## PROBLEM DETAILS
In the entries below, find the line with "Coolmate tổ chức" and the line with "Catalogue accessoires LIGNON". Return those two lines and all lines between them, exactly.

## DATA SECTION
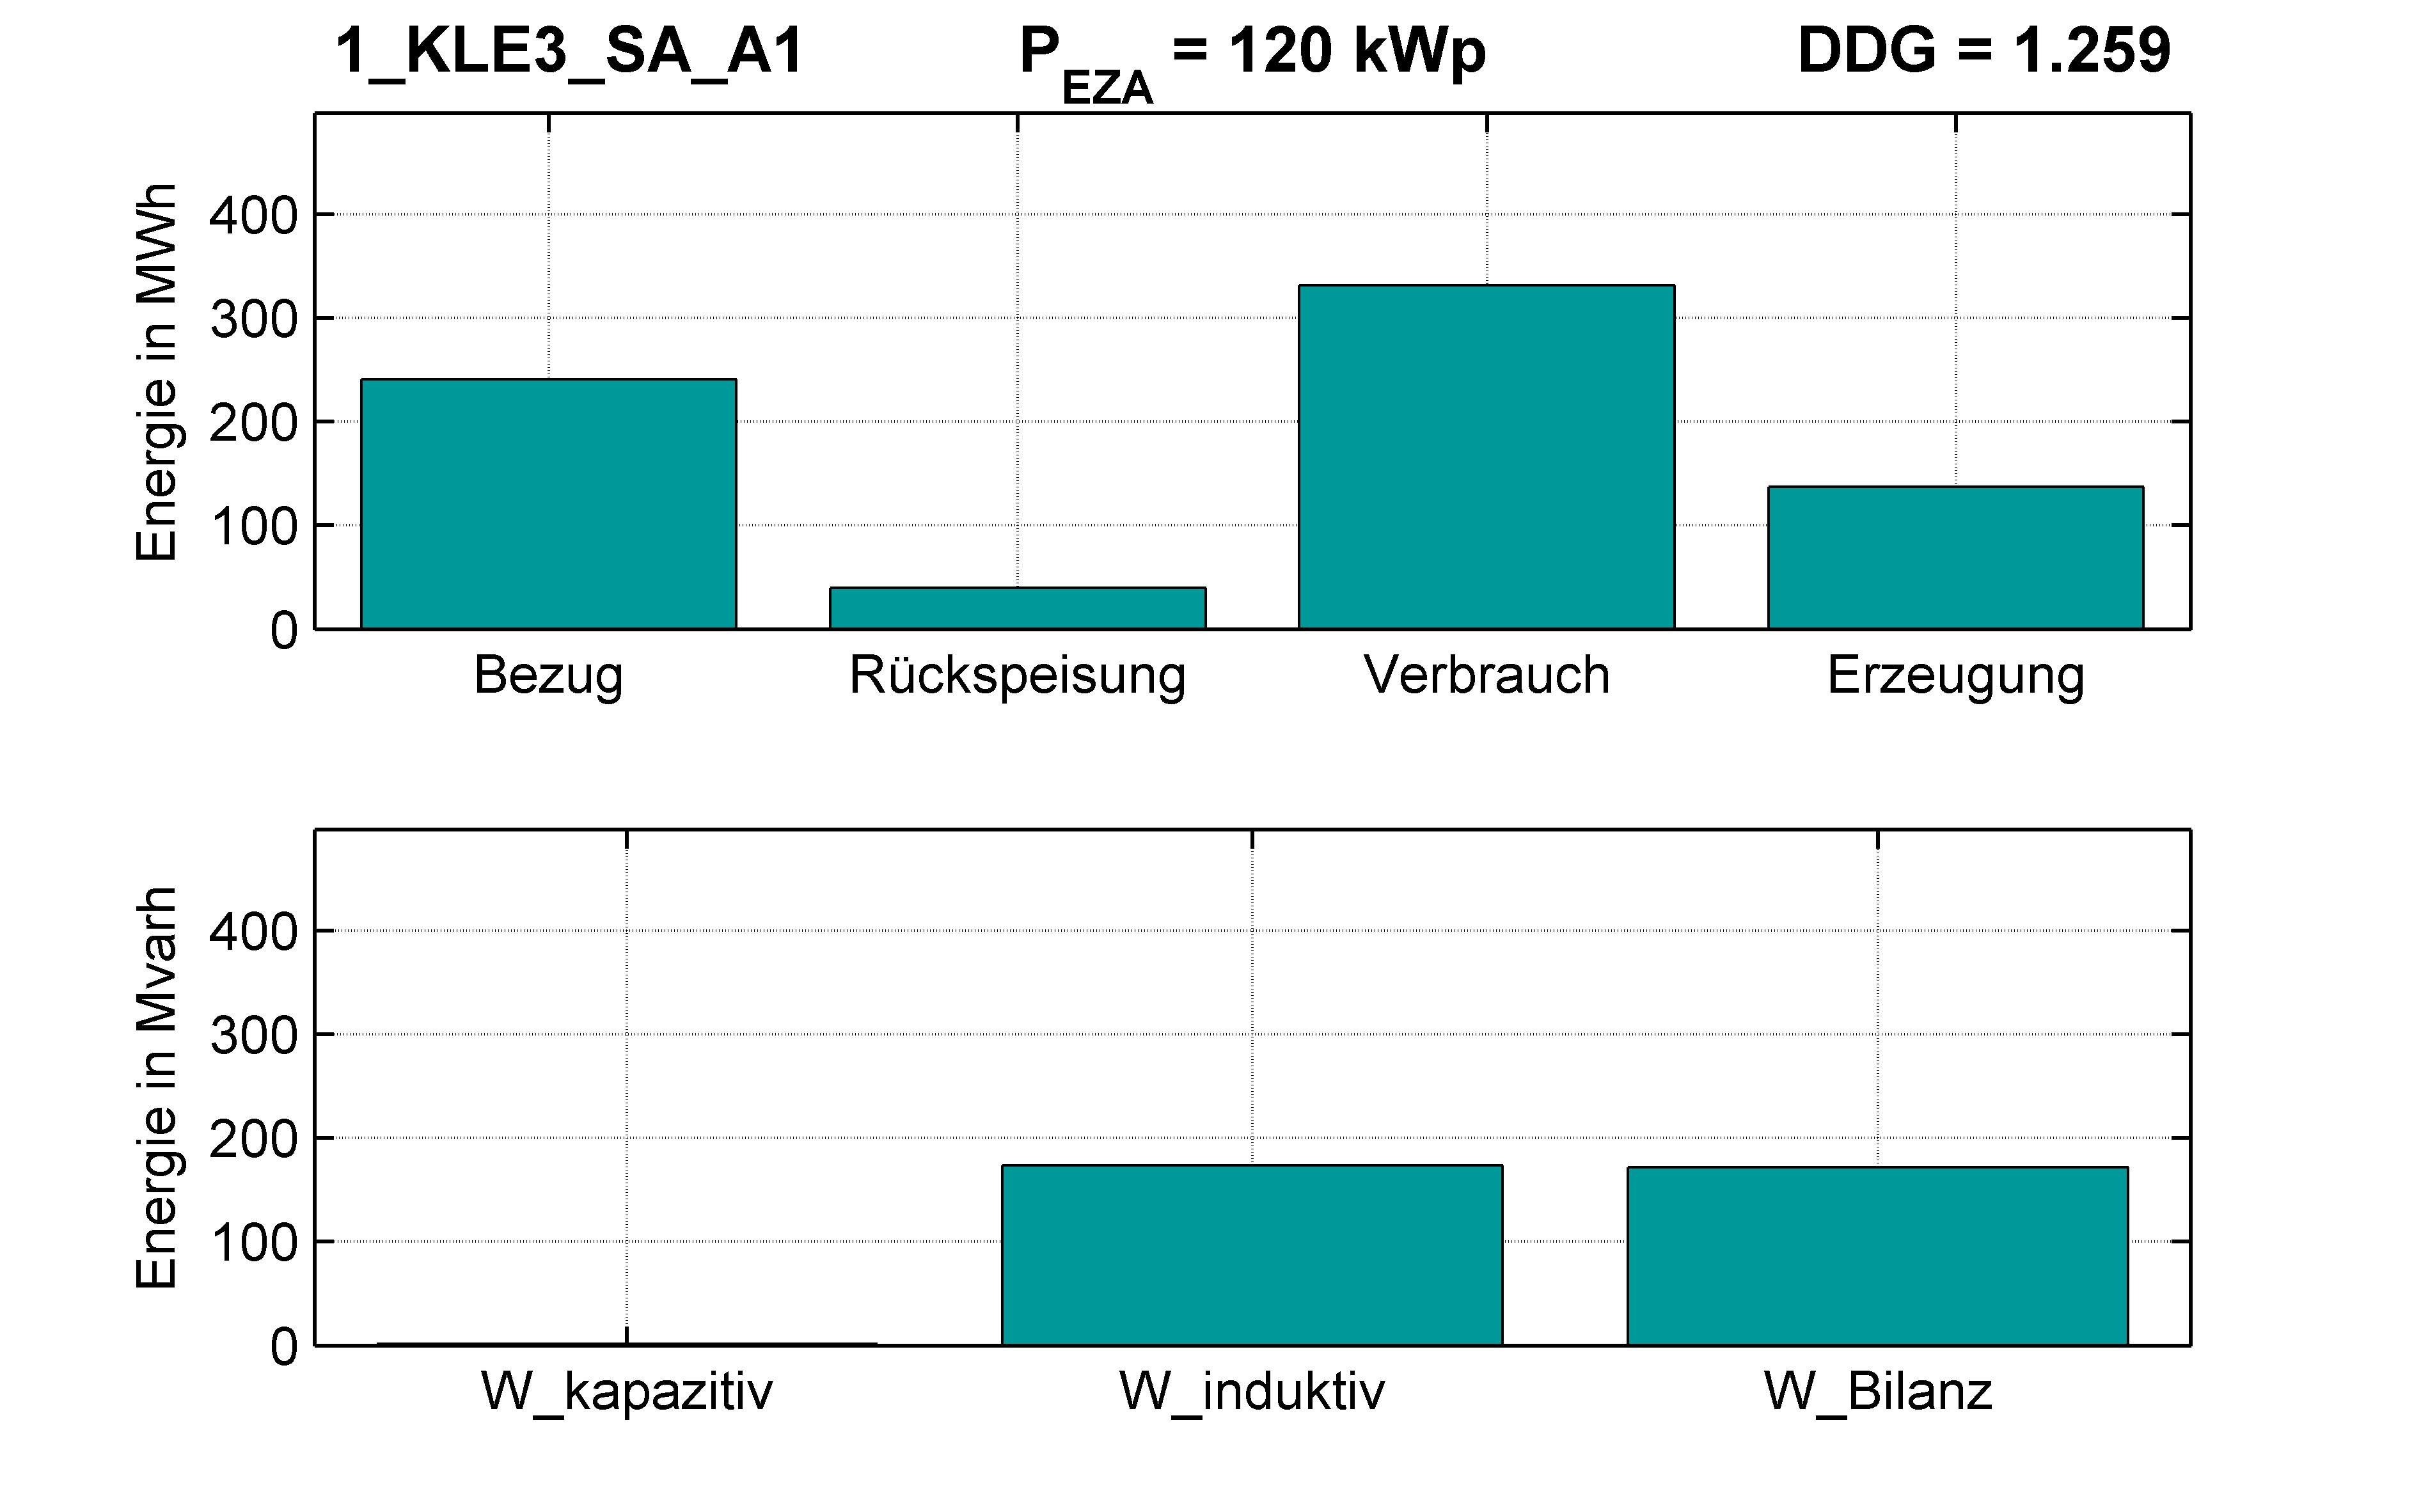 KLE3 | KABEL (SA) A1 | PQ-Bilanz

==

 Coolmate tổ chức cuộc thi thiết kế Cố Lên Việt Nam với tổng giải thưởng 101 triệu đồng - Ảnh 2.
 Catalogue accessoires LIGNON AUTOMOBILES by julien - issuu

## SOLUTION TO THIS EXERCISE
 Coolmate tổ chức cuộc thi thiết kế Cố Lên Việt Nam với tổng giải thưởng 101 triệu đồng - Ảnh 2.
 Catalogue accessoires LIGNON AUTOMOBILES by julien - issuu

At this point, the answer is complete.